Five decades ago, officers of the New York Police Department’s 41st Precinct dubbed their stationhouse “Fort Apache” because they felt it was the only haven in a hostile part of the Bronx. Residents of the area have told me that they, too, used that name because of the “wall” they perceived between their community and the ones who pledged to “protect and serve” them.
The NYPD’s 40th Precinct borders the “Four-one” on the south and west. Like its neighbor, it encompasses neighborhoods—Mott Haven, Port Morris and Melrose-- among the poorest in New York City and the nation. And, although both precincts have diversified their officer cadres somewhat, they are still paler than the communities they patrol, which are almost entirely Hispanic and Black.

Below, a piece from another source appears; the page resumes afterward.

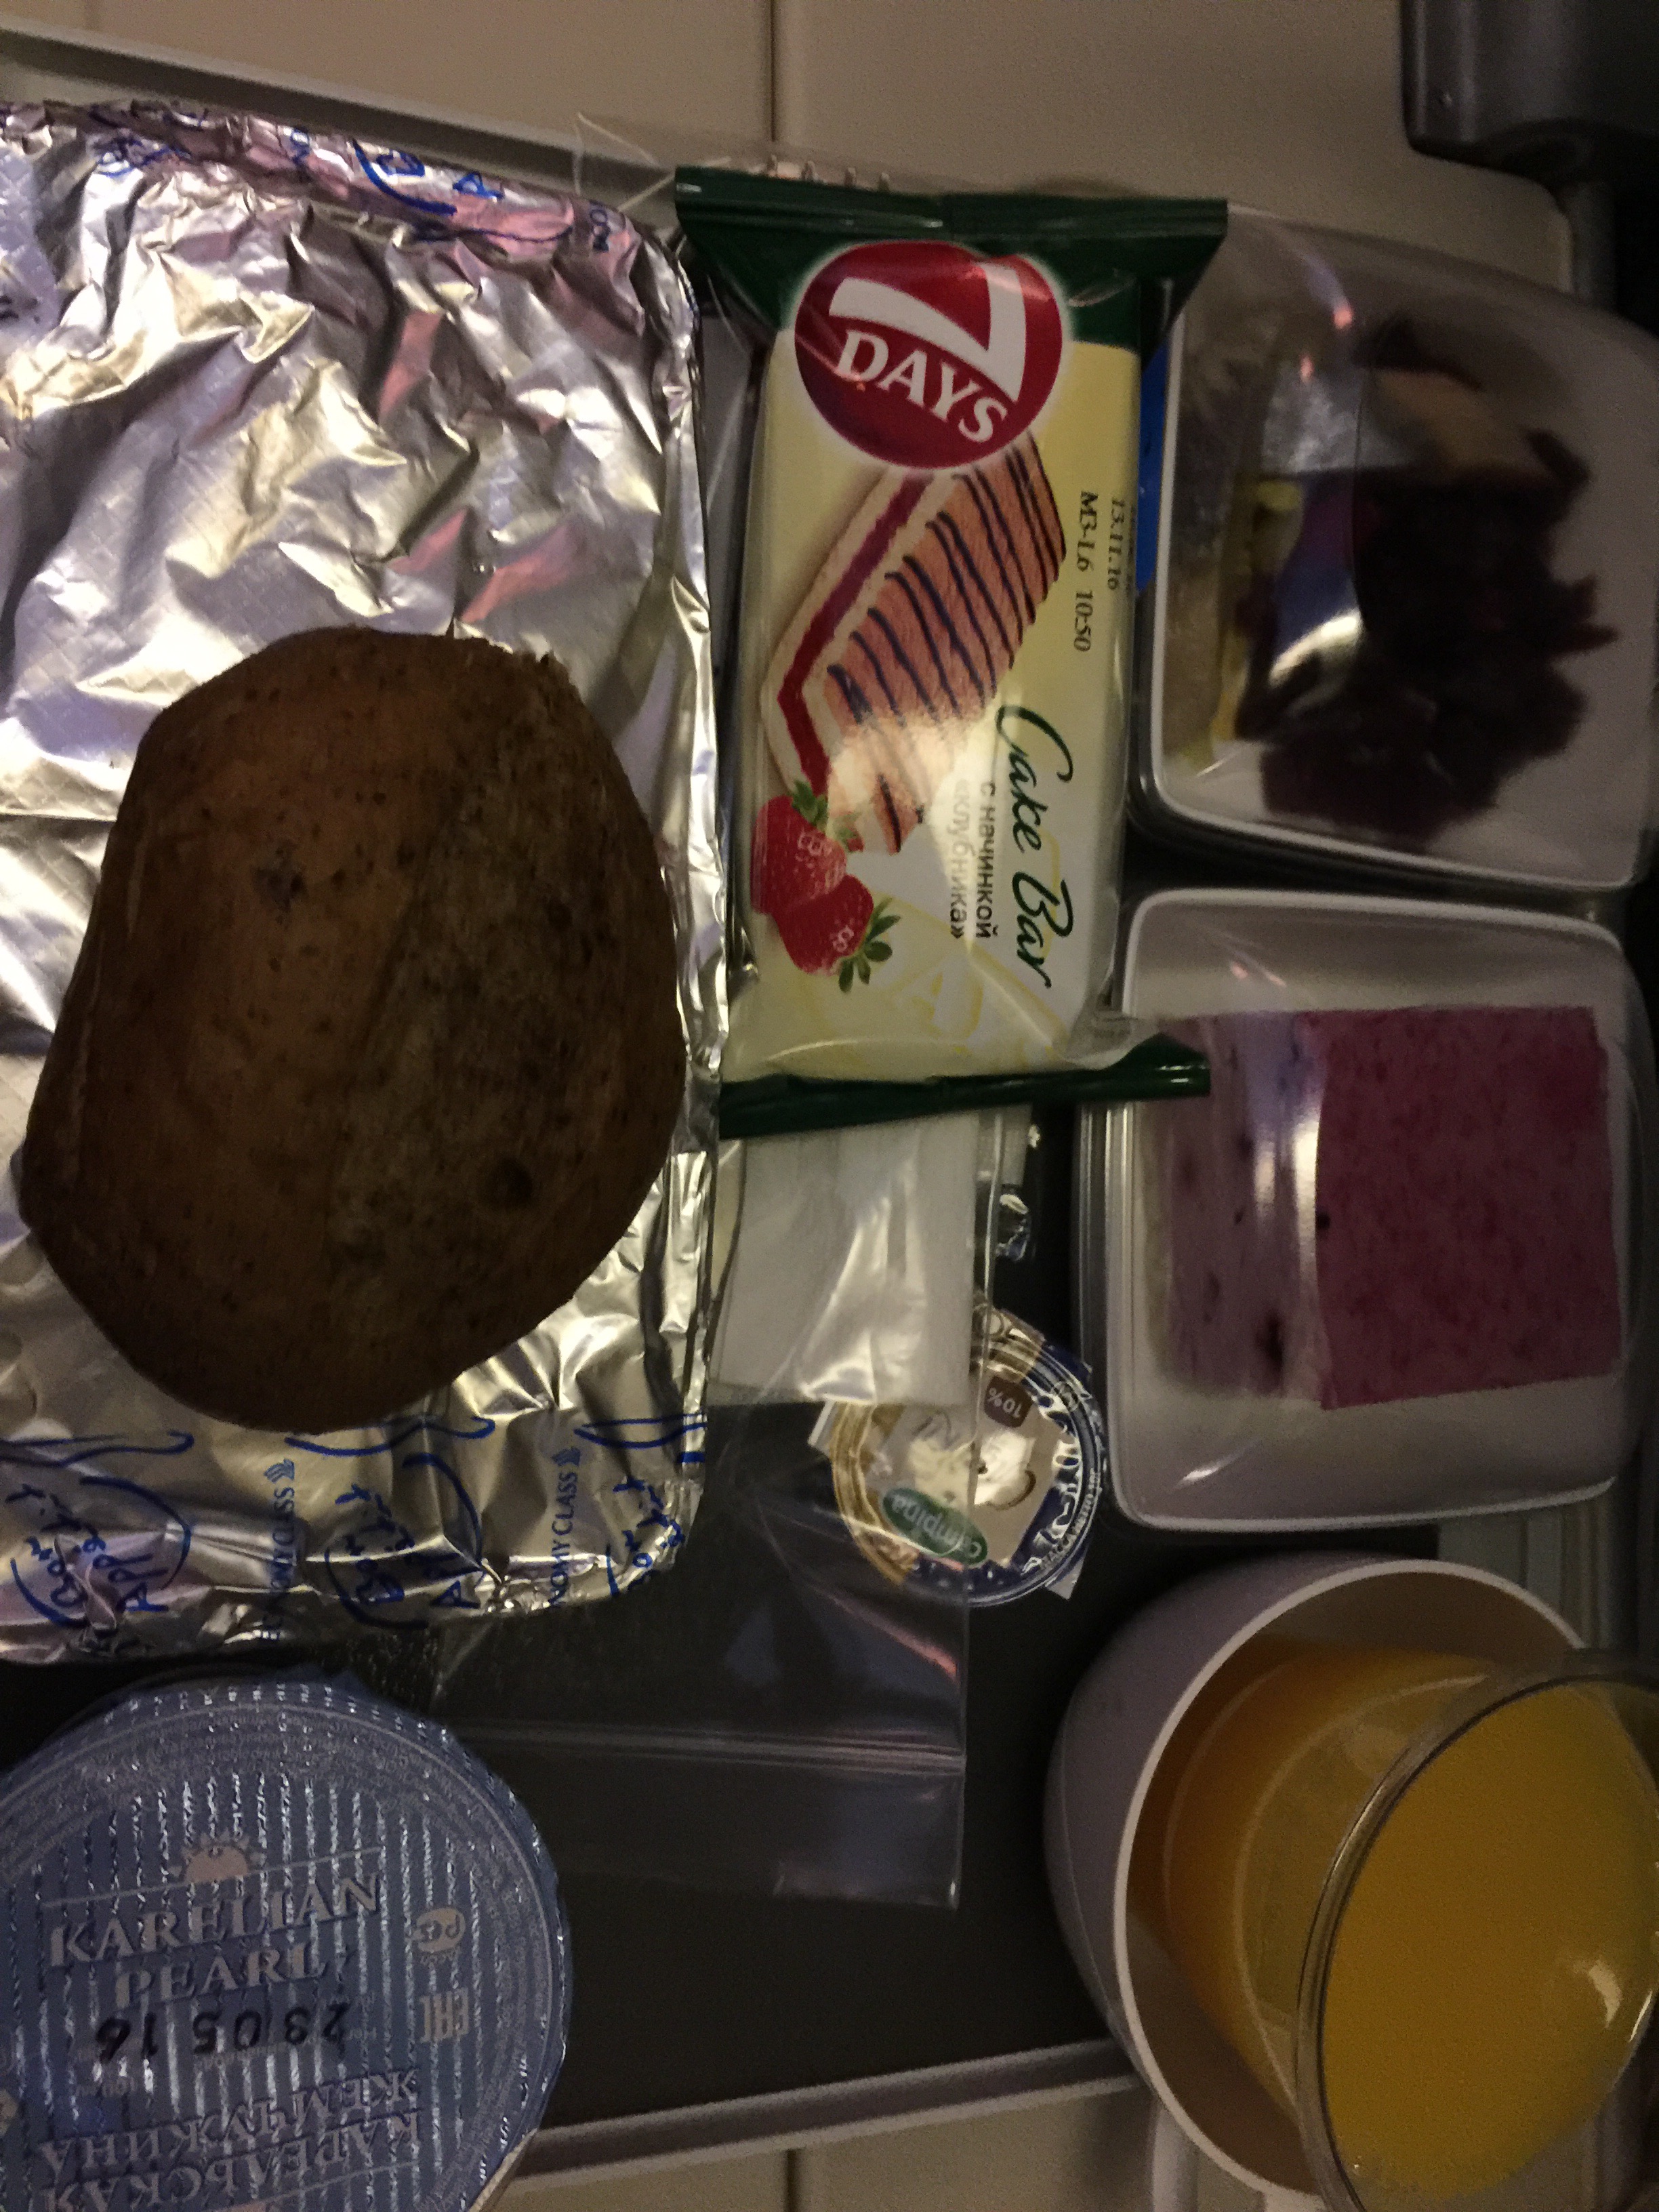 Many meals on plane! Russian cakes!!!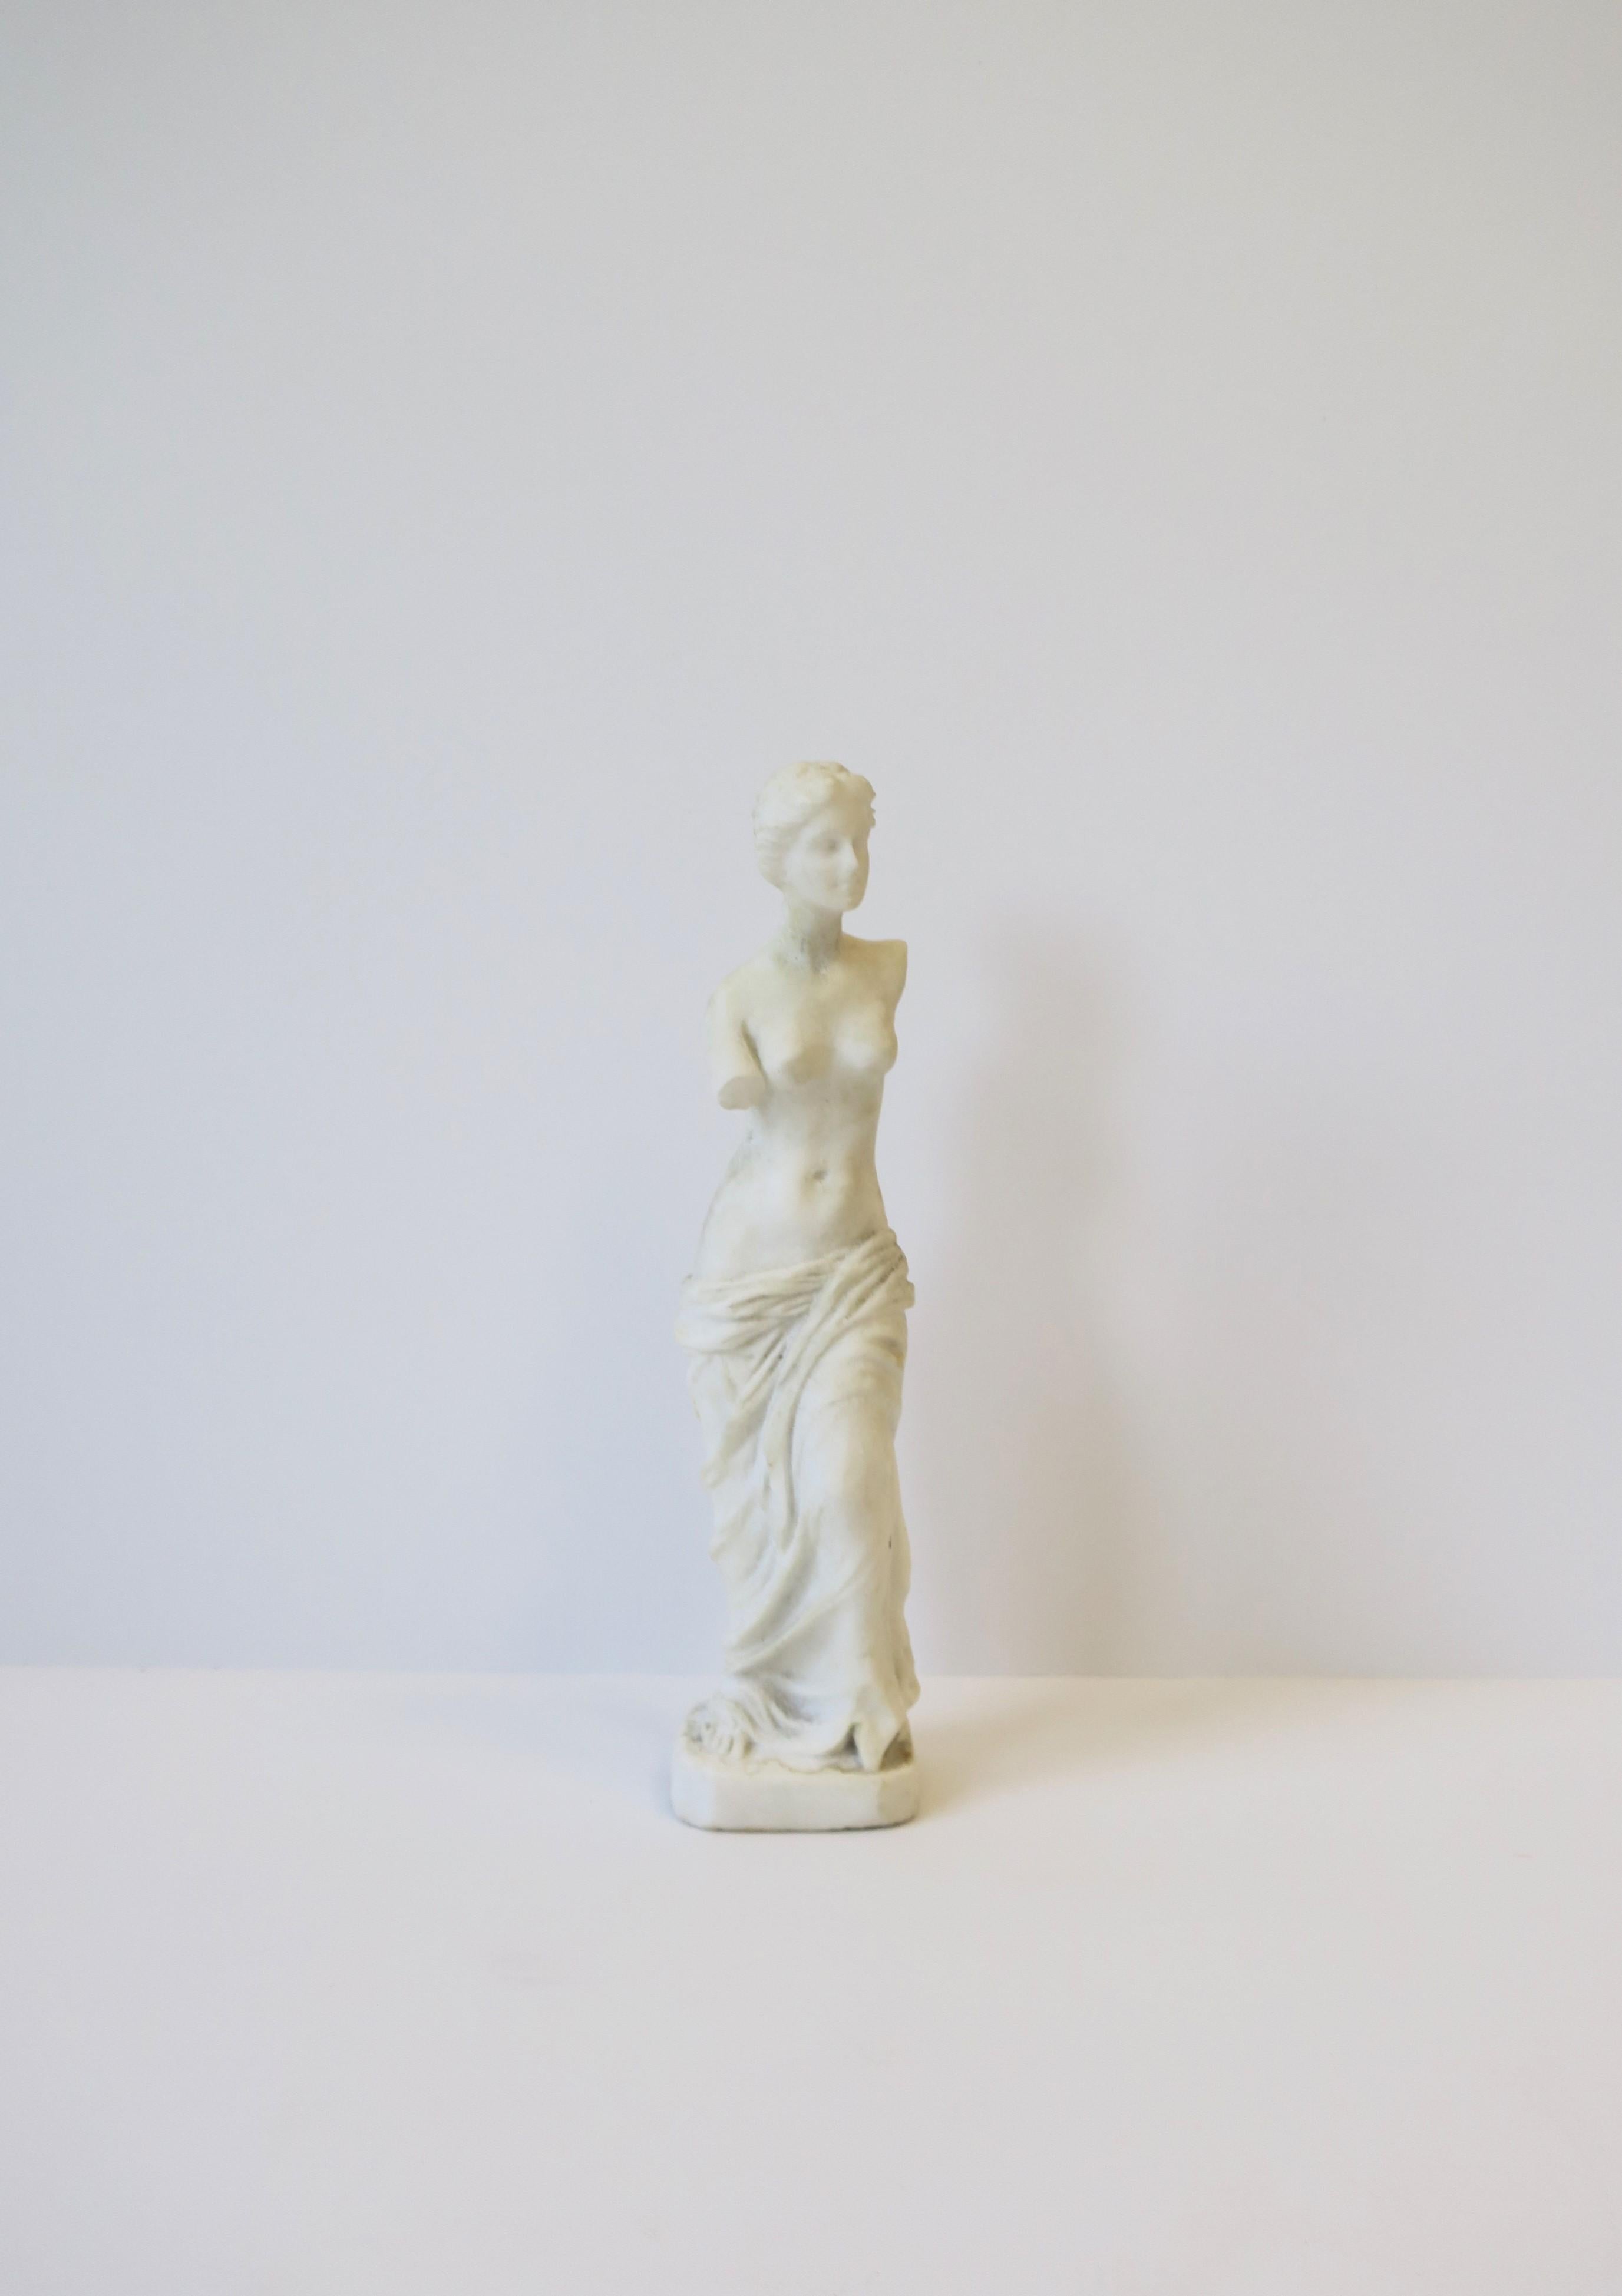 A beautiful white granite marble reproduction of Greek goddess 'Venus de Milo' female figure statue sculpture in the Neoclassical style, circa early 20th century, Italy. A great decorative object as demonstrated in images. Dimensions: 9.5

Now the “Four-Oh” is mirroring the “Four-One,” if unintentionally, in another way. “Fort Apache” no longer serves as headquarters for the latter. A larger building, ostensibly more suited to the technologies police now use, has replaced it. And its style differs from its predecessor in much the same way that the new headquarters of the 40th diverges from the building it will replace.
The old brick structure, while not exactly a “little house on the prairie,” at least doesn’t look out of place in the residential neighborhood around it. (The street on which it’s located—Alexander Avenue—is in fact part of a New York City designated historic district.) The new edifice, under construction almost a mile away, will include a “community event center,” ostensibly to “deepen the bond between neighborhood and police.”
What sort of bond, exactly, is the NYPD or the city trying to “deepen?” One like the “bond” between “Fort Apache” and the neighborhoods of Longwood and Hunts Point?
“Fort Apache Four-Oh.” I can just hear it now.